Top of Data provided
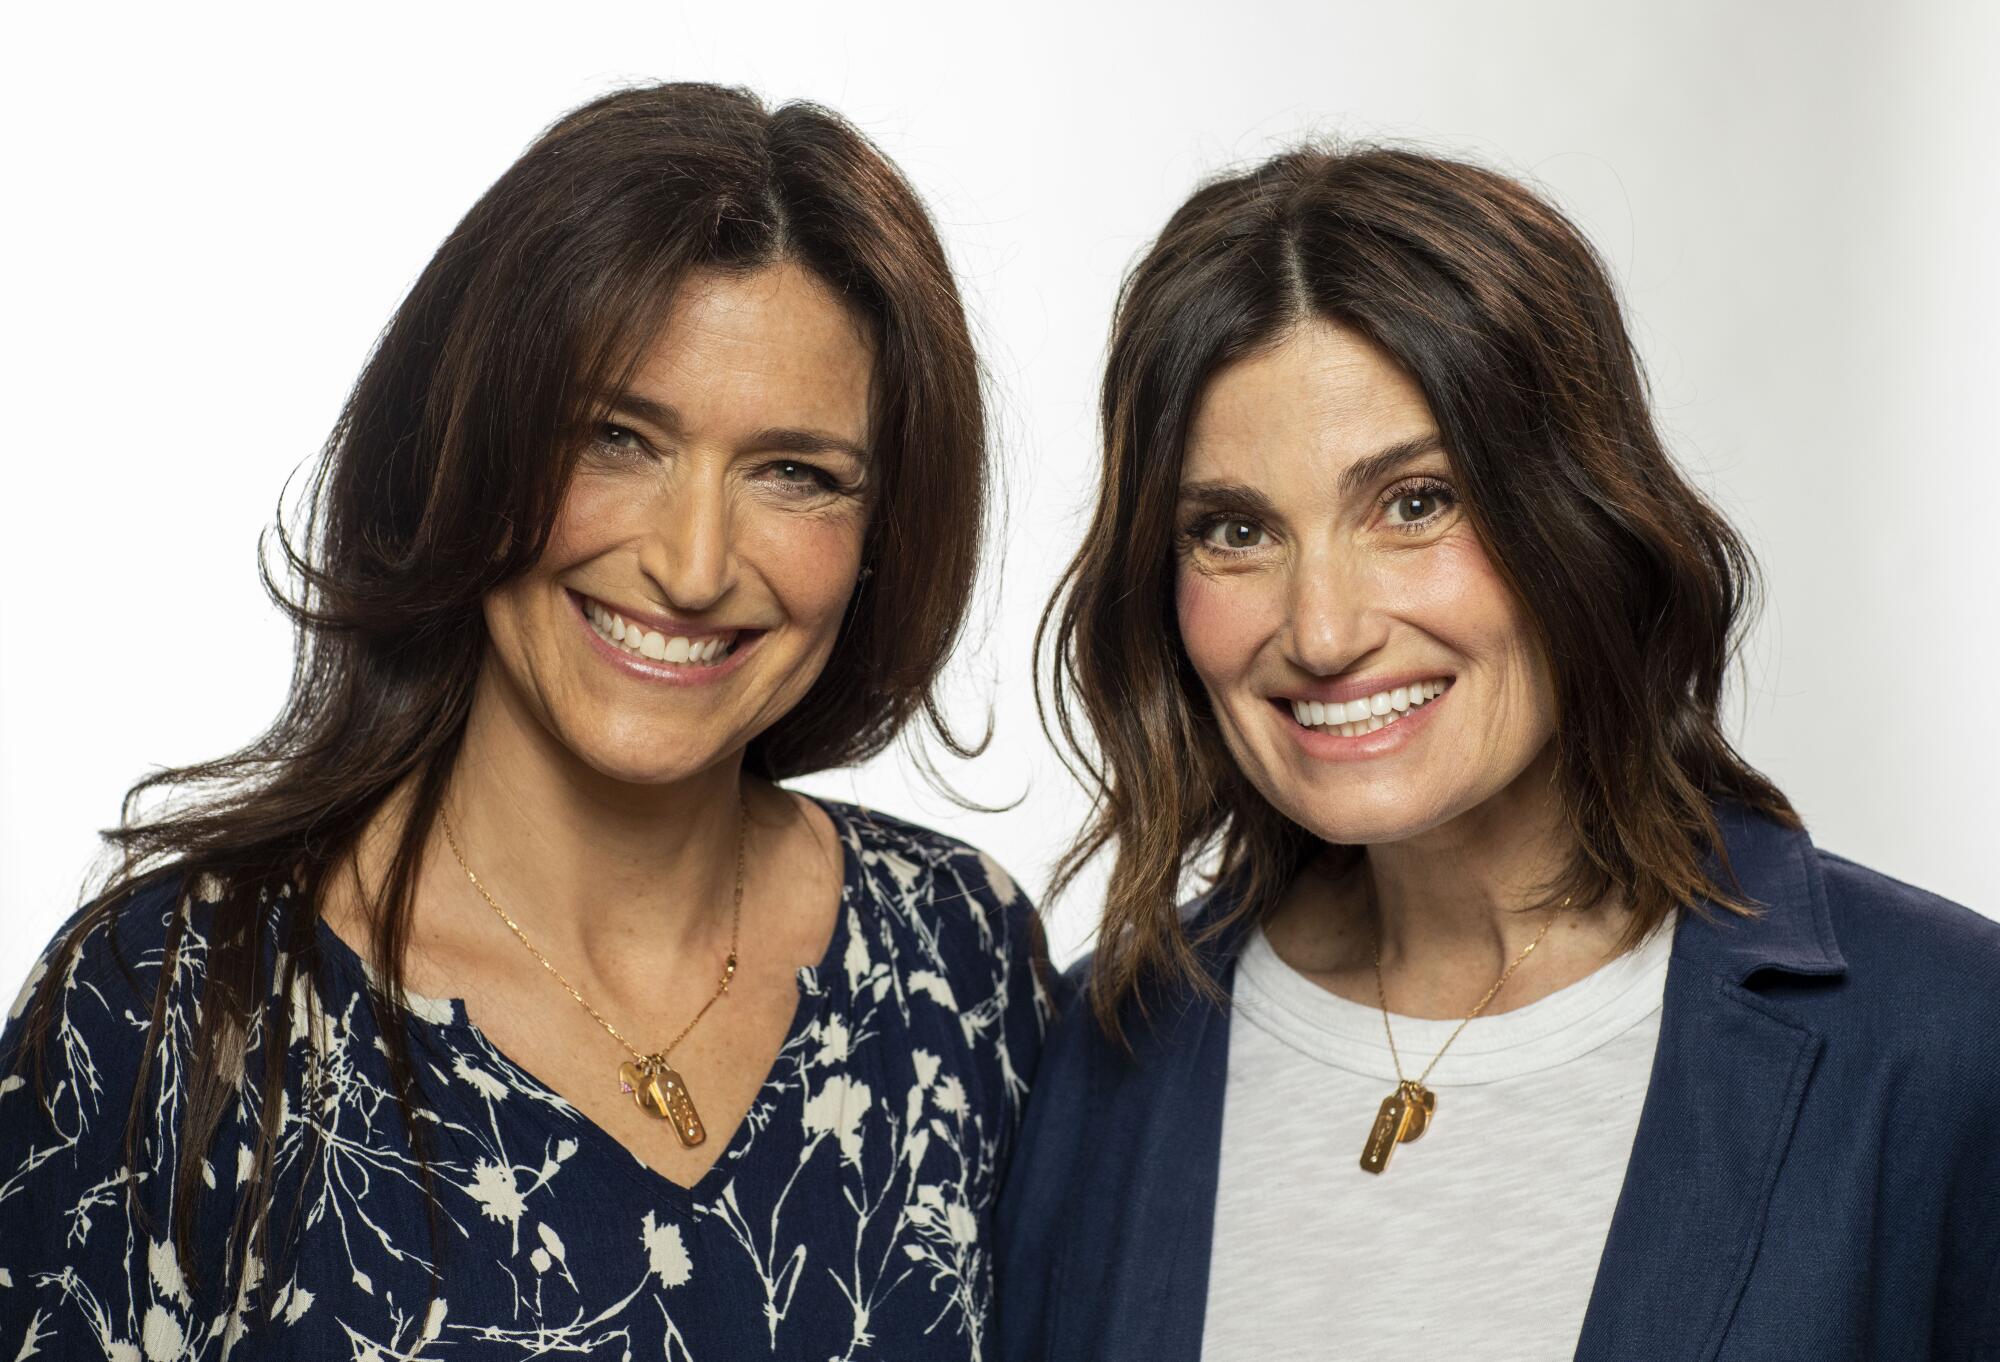 Cara Mentzel and Idina Menzel at the Los Angeles Times Festival of Books portrait studio.
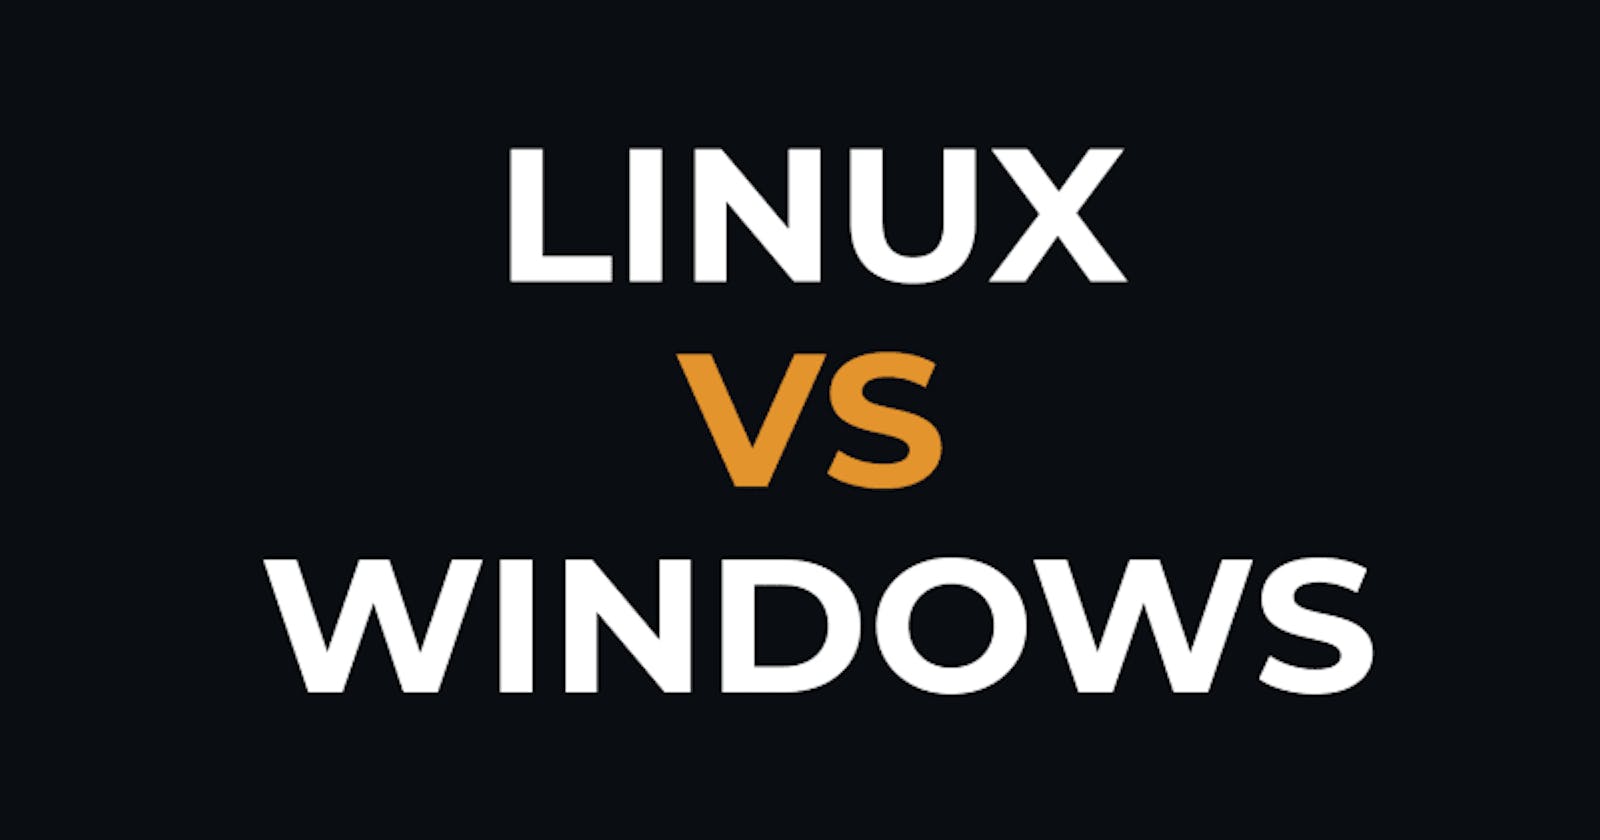 Why is Linux better for programming than Windows? Linux vs Windows
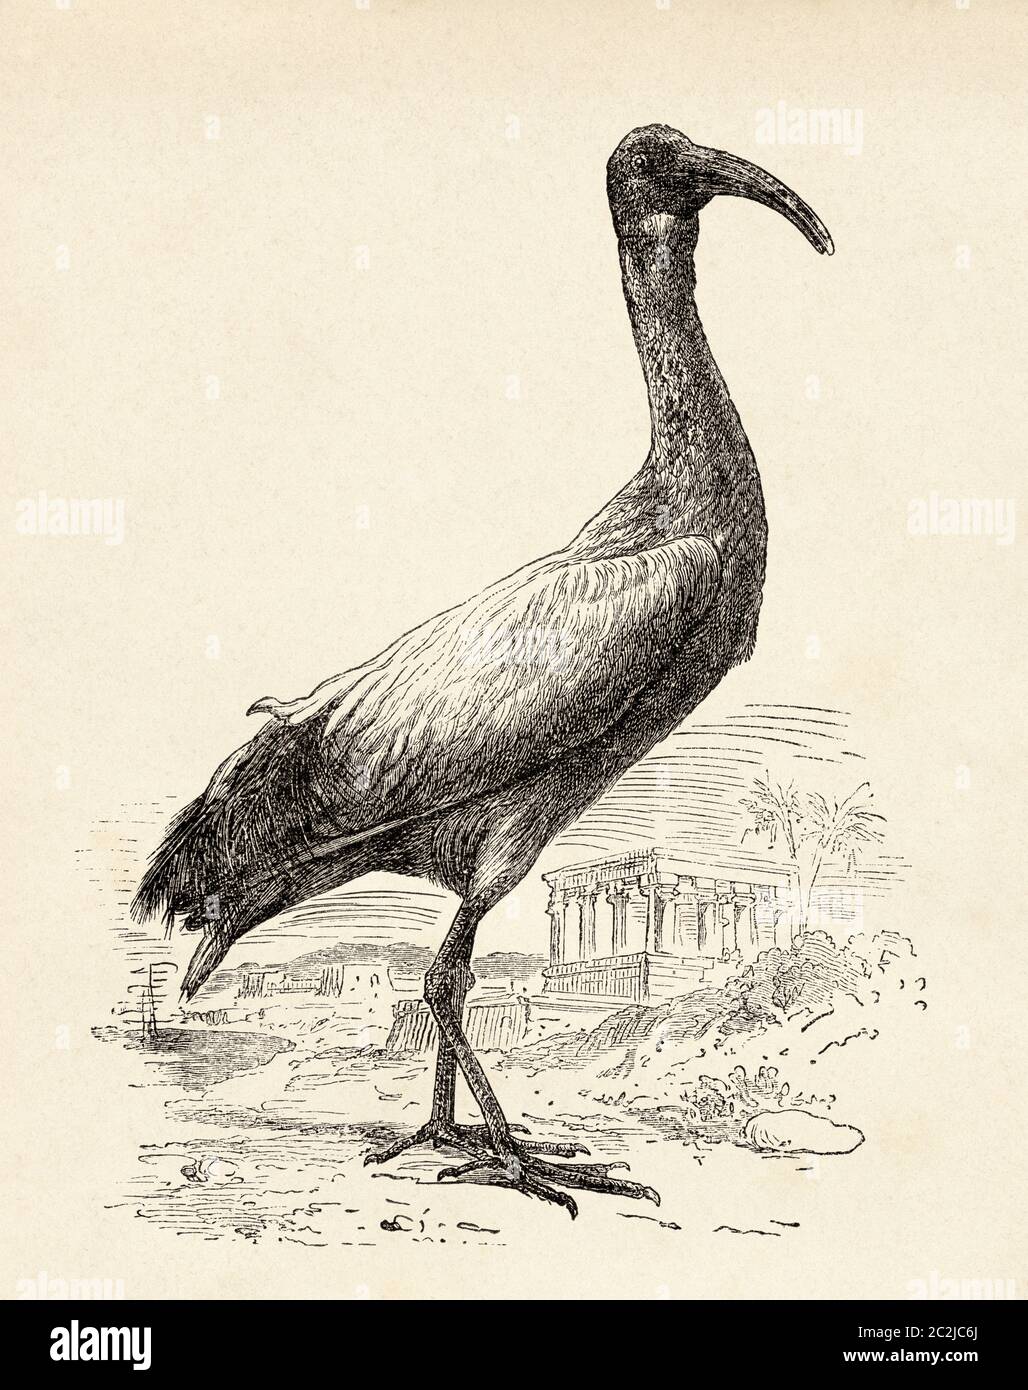 Ibis. The Tresquiornitinos (Threskiornithinae) Subfamily of pelecaniformes birds of the family Threskiornithidae, known as ibis, a word from the Greek, which in turn comes from the ancient Egyptian hib. Old 19th century engraved illustration, El Mundo Ilustrado 1880 Stock Photo
Bottom of Data provided
◆ Task goal: From the line containing "Why is Linux" to the end of the listing, restate each line word for word and nothing more; the pictures stay out.

◆ Final answer:
 Why is Linux better for programming than Windows? Linux vs Windows
 Ibis. The Tresquiornitinos (Threskiornithinae) Subfamily of pelecaniformes birds of the family Threskiornithidae, known as ibis, a word from the Greek, which in turn comes from the ancient Egyptian hib. Old 19th century engraved illustration, El Mundo Ilustrado 1880 Stock Photo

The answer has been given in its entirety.